Carl Masthay, Ph.D. has now edited the entire work for easy readability and provided translations for all the obscure words or phrases with the necessary assumption that a user has already studied at least a year of French. The large index to the work provides access to all the words to the original dictionary. Masthay, a Chinese translator in the U.S. Air Force in the early 1960s, and a retired medical manuscript editor at Mosby, Inc., for 33 years, began early study of Algonquian languages stimulated by place-name study, culminating in a 47-page monograph on Mahican-language hymns (1980) and 11 years of work on his 200-page Schmick’s Mahican Dictionary, published by the American Philosophical Society in 1991.
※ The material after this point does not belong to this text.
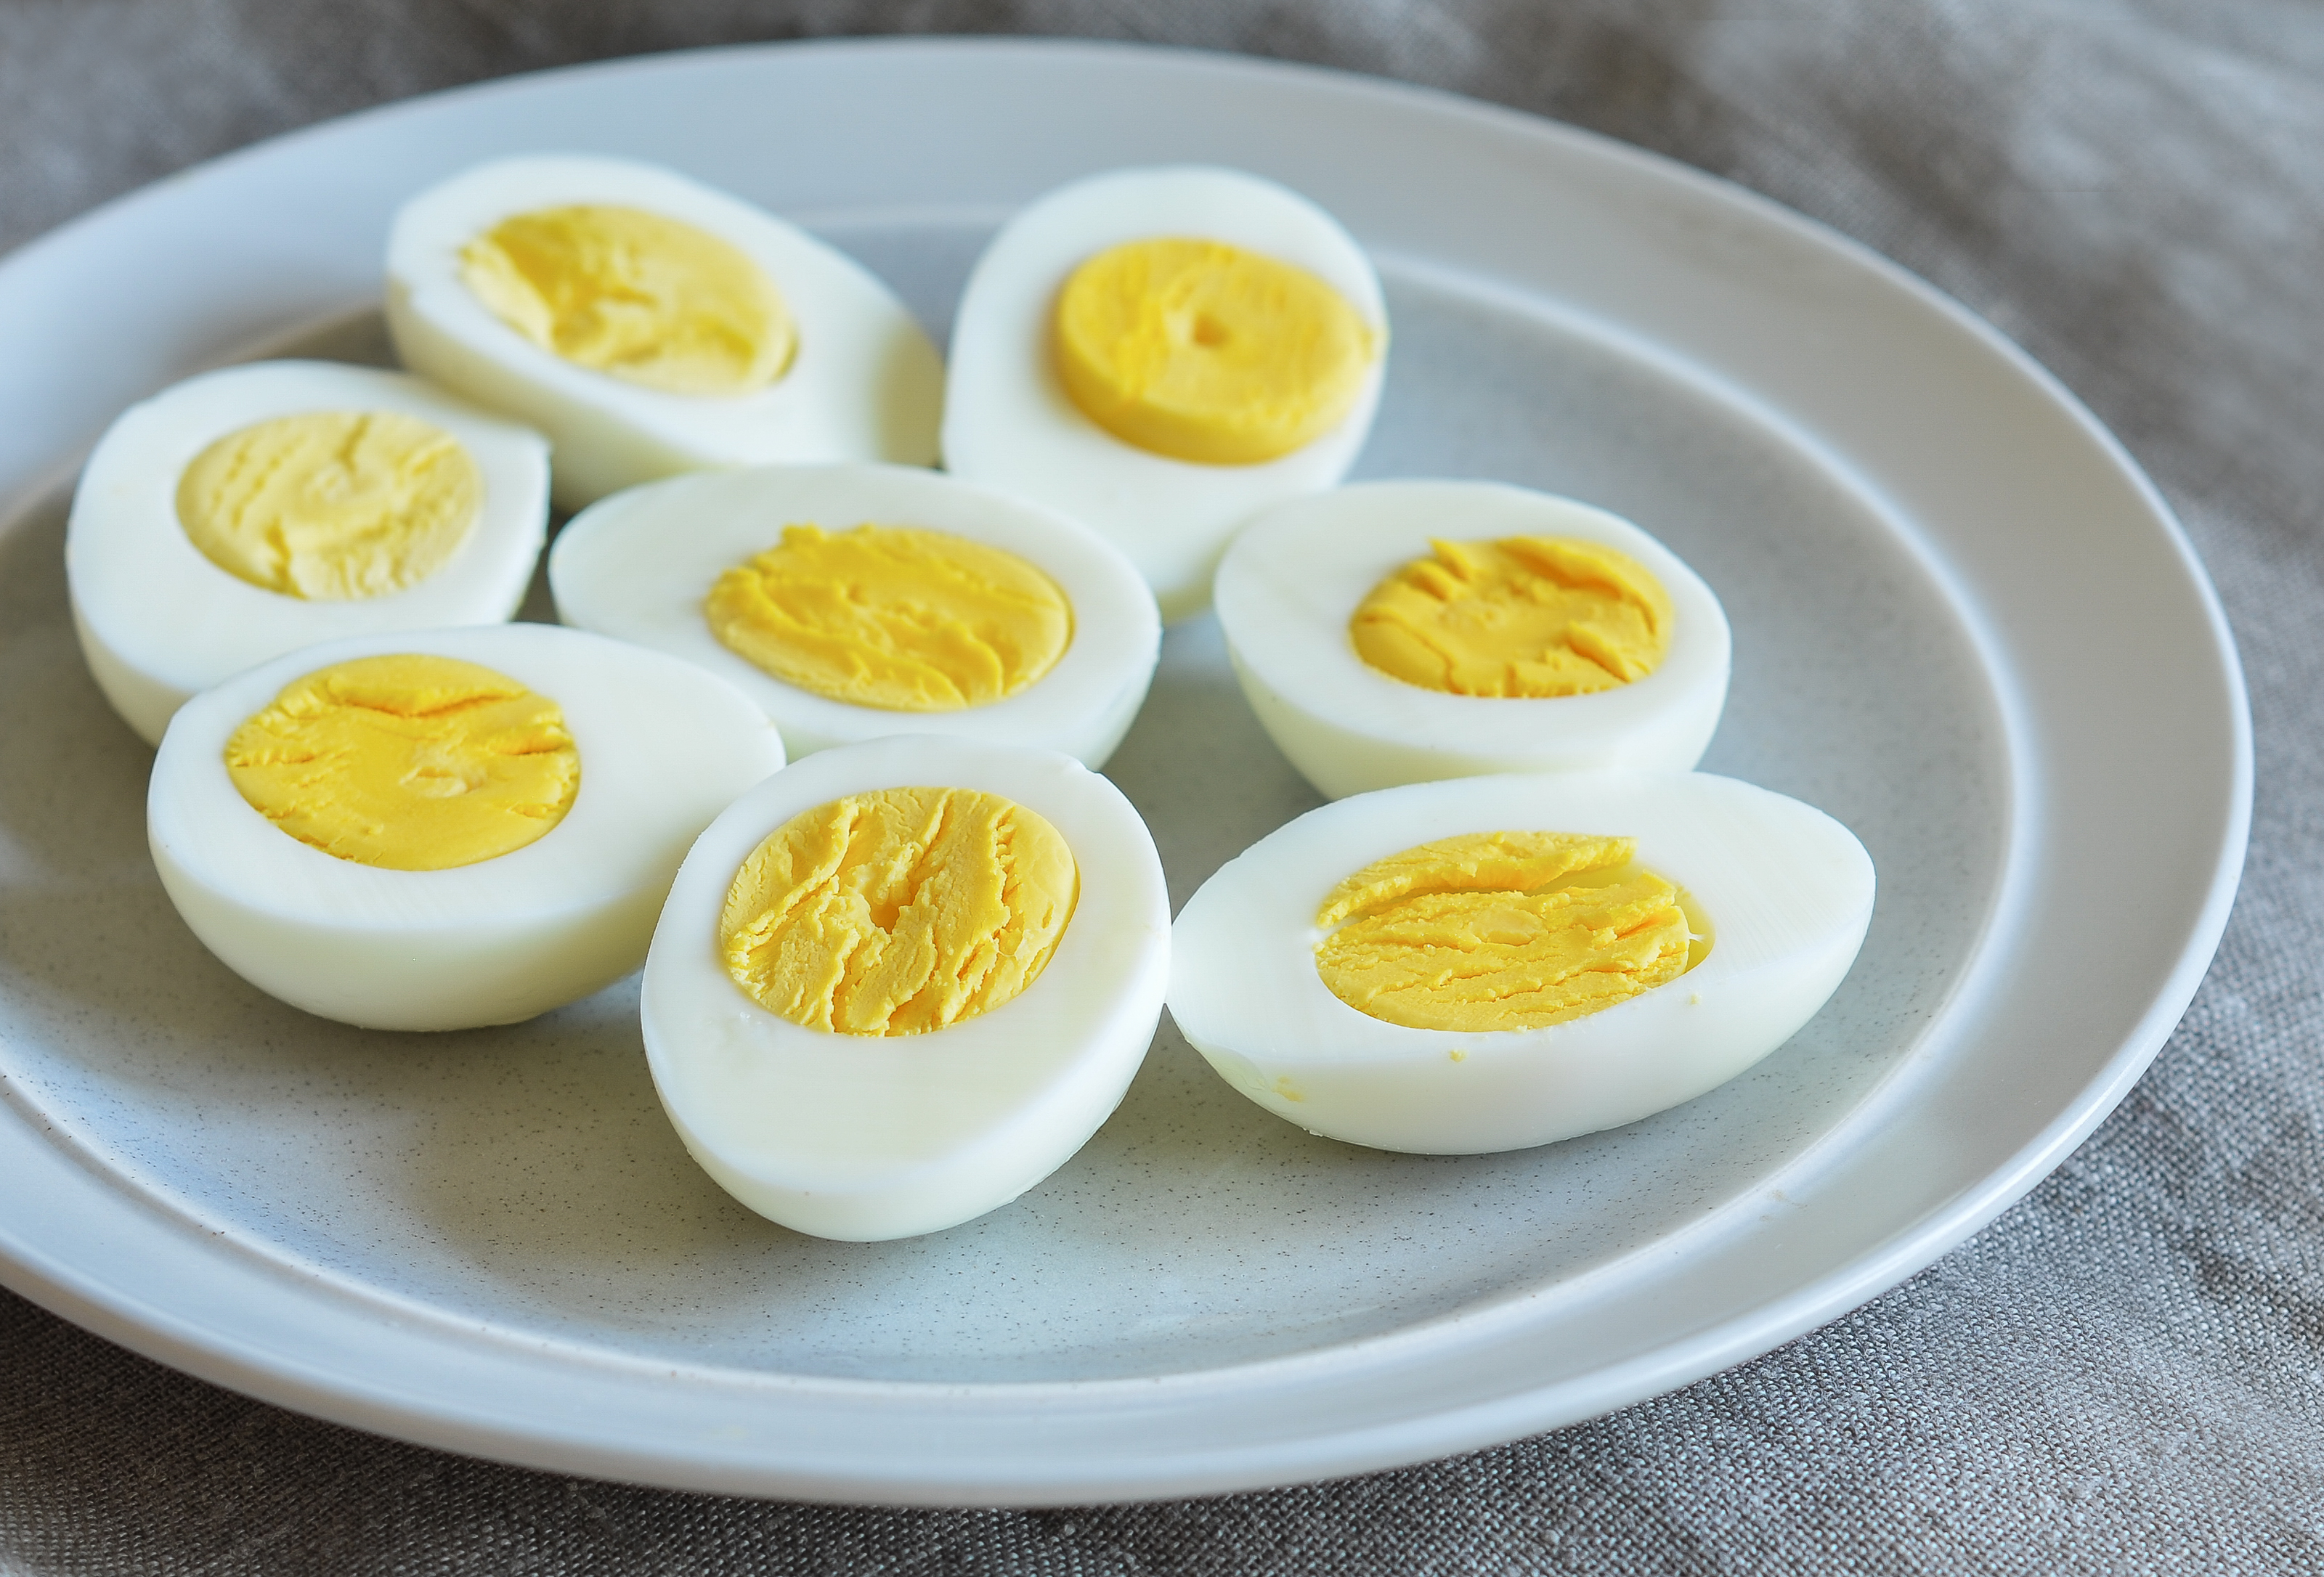 Several slice boiled eggs on a plate

“Carl Masthay is back. After spending 11 years working on his Schmick’s Mahican Dictionary (which was reviewed a while back), he’s now spent another 12 years on this work…. it’s more than a dictionary, as the culture of a civilization is revealed through its language. Besides the 278 pages of the dictionary and the 431-page index, there are interesting side articles about the history of this vanished tribe, an account of an alleged fabrication known as the Tamaroa remnant, and collections of maledicta, superstitions, and biblical allusions (they were visited by Jesuit priests at one time).”
Tom Elliott
Mensa Bulletin [March 2003, No. 463, p. 24]“…magnificent…[Masthay seems] to have thought of everything with all these little side remarks on abbreviations, odd French words.”
John R Krueger, Ph.D.
Professor of Turkic and Mongolian languages, Indiana University“…an incredible undertaking…Personally, I find it helpful and use it quite often….”
Daryl Baldwin
(Baldwin is an Ohio and Indiana Miami who is reviving his ancestral language with the help of David Costa)
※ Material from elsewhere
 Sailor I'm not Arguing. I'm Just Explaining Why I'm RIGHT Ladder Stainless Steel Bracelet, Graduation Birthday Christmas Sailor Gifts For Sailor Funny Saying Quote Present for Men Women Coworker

“The Kaskaskia Illinois–to–French Dictionary is Carl Masthay’s second redaction of a historic Algonquian manuscript dictionary. This time he has accomplished the Herculean task of re-transcribing the enormous and tremendously dense three-hundred-year-old five-hundred-and-eighty page Illinois-French dictionary commonly attributed to the Jesuit missionary Jacques Gravier. The original manuscript, housed at the Watkinson Library, is available on microfilm. However, Masthay has made the work instantly accessible to the linguist, historian, anthropologist and anyone interested in the historic Illinois Indians, the Illinois language, and the French language spoken in the Mississippi valley in the late 17th and early 18th centuries.”
Michael McCafferty (Indiana University) and Robert Vézina (Université Laval)
Algonquian and Iroquoian Linguistics [27(4):48, Winter 2002]
“Carl Masthay’s dictionary is one of the most important contributions to the Algonquian literature to appear in the last few years, especially from the point of view of a linguistic anthropologist. It is a massive work, which, I estimate, contains about 23,000 Illinois words, and reflects the early historical period when French missionary linguists were active.”
P. Proulx
Anthropological Linguistics [44(4):417-418, Winter 2002]
“Masthay has successfully raised this linguistic treasure and made it accessible to the scholarly world. Moreover he has renounced translating all French translation of it once again into English—solely unusual words that can be misunderstood, certain transcriptions, and garbled phrases were provided with English explanations. Also errors or defects were removed by him in his painstaking edition. Furthermore he evened out the heavily religious and biblical allegories that the genius of the Illinois language distorted. Wherever he evaluated the many other sources, he ventured, in addition, to propose significant supplements, some concerns such as modes of expression, phrases, double meanings, and supernatural circumlocutions. In any case he indicates that the user of this dictionary must have at least a basic knowledge of French so as to be able to work with it successfully.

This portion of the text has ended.